A retórica religiosa foi uma espécie de segunda farda vestida por Bolsonaro que, como político, insistia na marcha de uma nota só em defesa de direitos e privilégios dos militares. A esquerda entrou no seu alvo não por discordâncias de viés políticos ou econônomicos, mas por jogar no campo contrário ao dos fardados que instituíram a ditadura em 1964. 

Deus entrou nas prioridades de Bolsonaro na esteira de suas críticas ao apoio da esquerda à ampliação de direitos civis, o que contrariava também a chamada bancada da Bíblia no Congresso. Marçal, que passou parte da juventude imerso numa igreja evangélica, procura encarnar o discurso da fé e da prosperidade. Mostra-se como um vencedor, o pobre que, como Davi, derrotou o Golias e ficou rico. 

Desaforado, ele não passou recibo para a suposta nobreza de Bolsonaro de chamá-lo para o ato contra o ministro Alexandre de Moraes. Como um convidado que chega atrasado e bêbado a uma festa de casamento e ainda arrasta a noiva para a pista de dança, o candidato do PRTB à prefeitura de São Paulo fez questão de contrariar o anfitrião.

Apareceu na Avenida Paulista em hora imprópria, fez barulho ao ser barrado e testemunhou a atitude de correligionários que levaram para a manifestação faixa e adesivos que o lançavam para a Presidência da República e aprisionavam Bolsonaro no passado.

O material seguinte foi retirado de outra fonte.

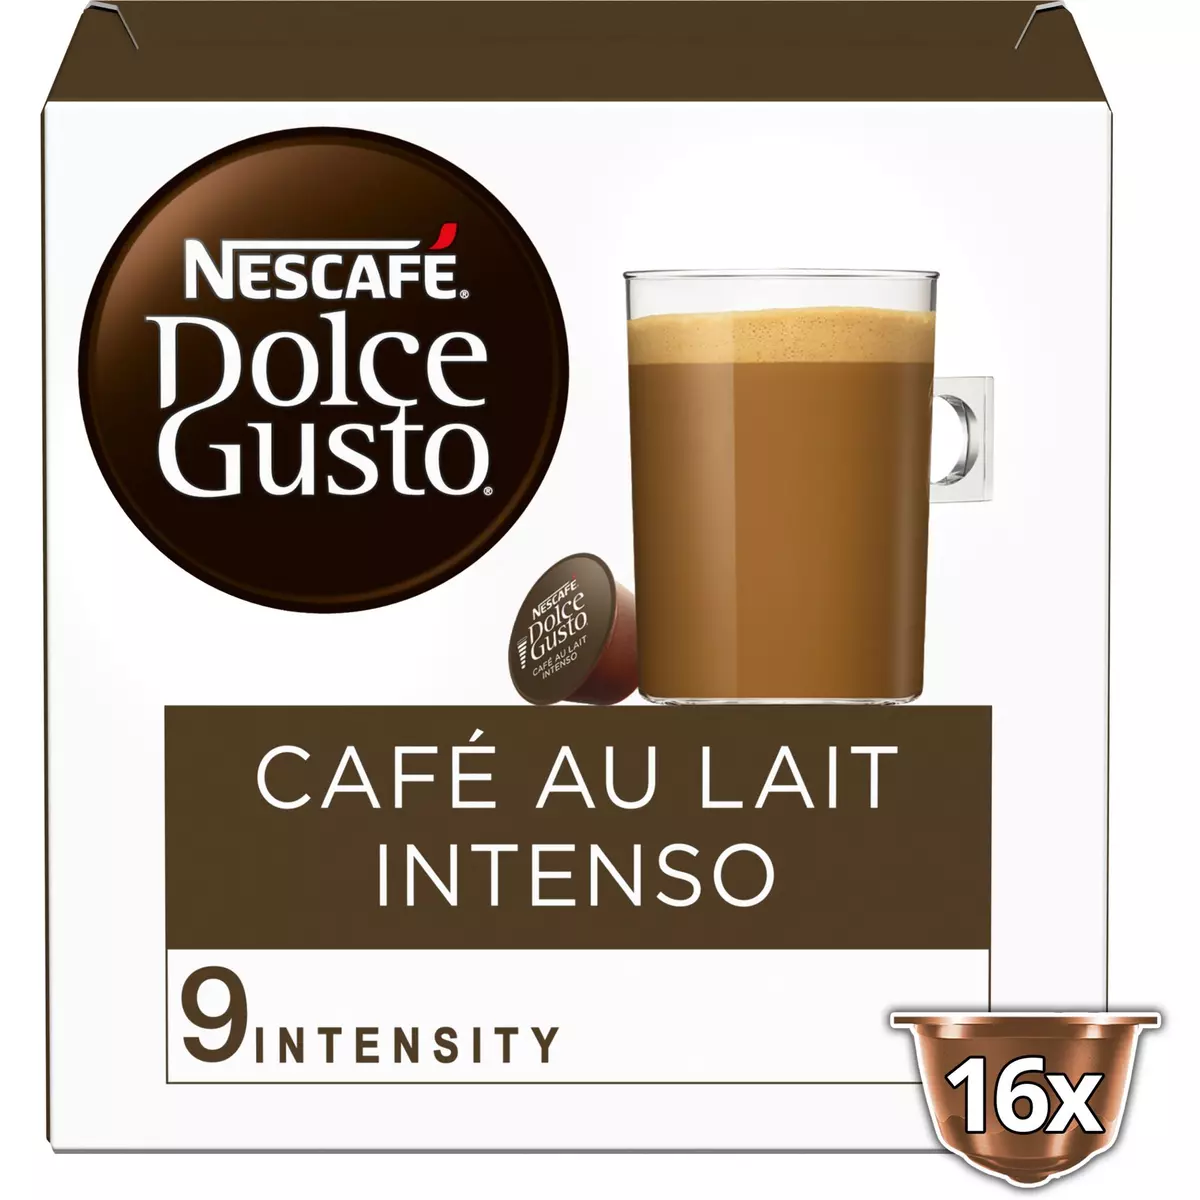 STARBUCKS Capsules de café cappuccino compatibles Dolce Gusto 2X6 capsules  120g pas cher

Marçal parece se inspirar no estilo Bolsonaro de surpreender, de gerar fatos inesperados, de não se deixar enquadrar — foi nessa linha que o ex-capitão chegou ao Planalto. O então presidente foi tão fiel ao próprio estilo a ponto de se enforcar com a corda do negacionismo.

A atuação do coach que diz ter enriquecido com seus cursos, conseguiu fazer com que, no campo da extrema direita, Bolsonaro chegue a ser visto como um moderado. No governo, apesar das declarações bombásticas e das caneladas que distribuia no cercadinho do Alvorada, demonstrou ser um político maleável, que entregou as chaves do governo ao Centrão. Há poucos dias, ao perceber o risco de Ricardo Nunes (MDB) — seu candidato oficial à prefeitura — ser derrotado, lançour pontes para Marçal, que, no melhor jeito bolsonarista raiz, tratou de incendiá-las.

No Planalto, Bolsonaro algumas vezes chegou a ser apontado como a criatura que havia saído do controle de seus criadores e tutores. Marçal é uma nova versão de um radicalismo que não encontra limites pela frente, que, como o bolsonarismo, nutre-se do ódio, mas que, diferentemente do ex-capitão, diz apontar caminhos, acena com alguma construção.

Bolsonaro se acostumou a brigar com os inimigos de sempre, mas não preparou para enfrentar alguém que parece ter saído da própria costela, um filho bastardo, um 05; melhor, 5.0. É como se visse refletido num daqueles espelhos que distorcem as imagens.